Is six characteristics a bad system because then we might as well have seven, eight or nine ad infinitum? I mean any number higher than one you might as well have infinity right? That's what you're trying to pass as an argument here.

Then the whole "Ask your GM" spiel again. How is this relevant to a discussion of how the rules work? Why does this keep coming up as though it's some kind of actual argument? The ability to ignore the rules has no place in a discussion about the rules.

Then into full blown hyperbole about needing a whole new form of mathematics, combo that with personal attacks and idiotic buzzwords like "spreadsheet wars" that you throw around to dismiss ideas without actually making any argument at all and instead basically just slapping a negative label on something.

I know that you have a few haters here who give likes for this fallacious bantha poodoo, but you haven't made an argument of any kind here. This is pathetic.

Edited by Aetrion

See i dont think we need another resource. I just think the resource is attached to the wrong thing. Sub systems should have the hard points. Not the whole ship.

27 minutes ago, Daeglan said:

See i dont think we need another resource. I just think the resource is attached to the wrong thing. Sub systems should have the hard points. Not the whole ship.

Like the power grid, cpu core, power core, communication grid, the hull itself. inertia stabilizers and the environmental systems themselves?

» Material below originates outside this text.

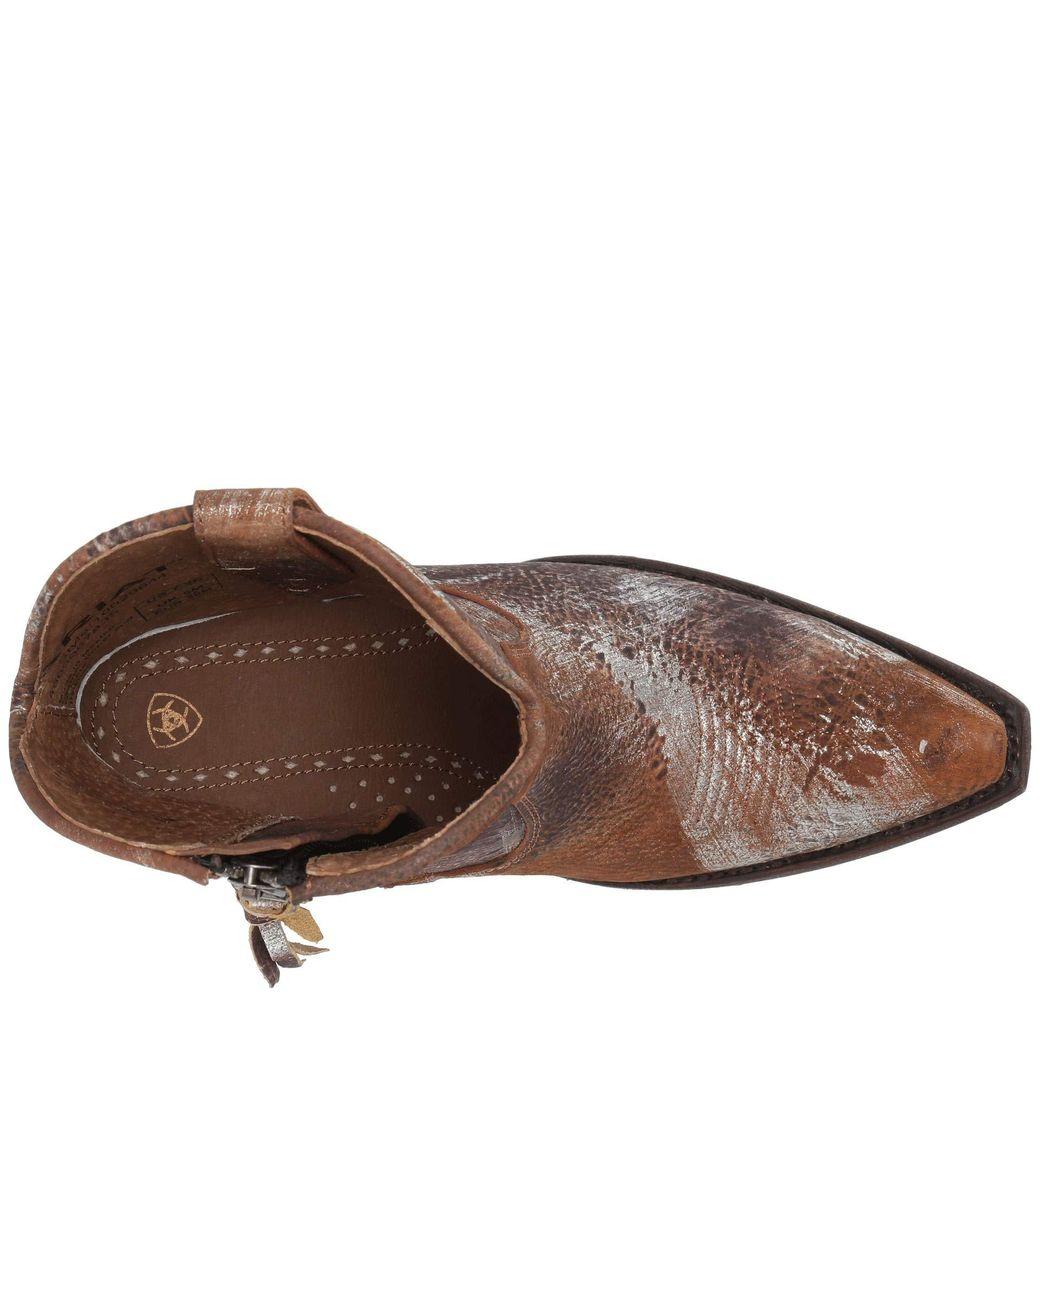 Ariat Femme Circuit Champion Boot

I will not agree, as I like my star wars simple, I think the system is unnecessary rules heavy, clumsy, spread out and unfocused on actually playing the game, instead gaming the system. But I like the idea in general for games which focus more on the ships, actually I think having those things for shipbuild would even work for star wars. :)

6 hours ago, Daeglan said:

Im just going to point out no game survives a gm who wont reign in abusive behavior...

A great many of Aetrion's problems would be easily solved by a GM who doesn't let players run roughshod over them. I'm shocked that he has hasn't discovered the ability to take a backpack and put it inside another backpack inside another backpack inside another backpack and quadruple a character's Encumbrance score.

Any RPG can be broken by a determined player, no engine is perfect. However sady the Signiture Ability: Common Sense is one that a great many fail to unlock.

To be fair, a lot of his problems would be solved as well if the GM would just introduce fitting attachments with zero hp cost like the core books suggest the GM should do if the situation calls for. ;-)

Edited by SEApocalypse
6 hours ago, Daeglan said:

Im just going to point out no game survives a gm who wont reign in abusive behavior...

Wanna bet? :)

15 minutes ago, themensch said:

Wanna bet? :)

Nope. I've seen games last in which all of the players were munchkins and the (idiot) GM was an archetypal Monty Haul.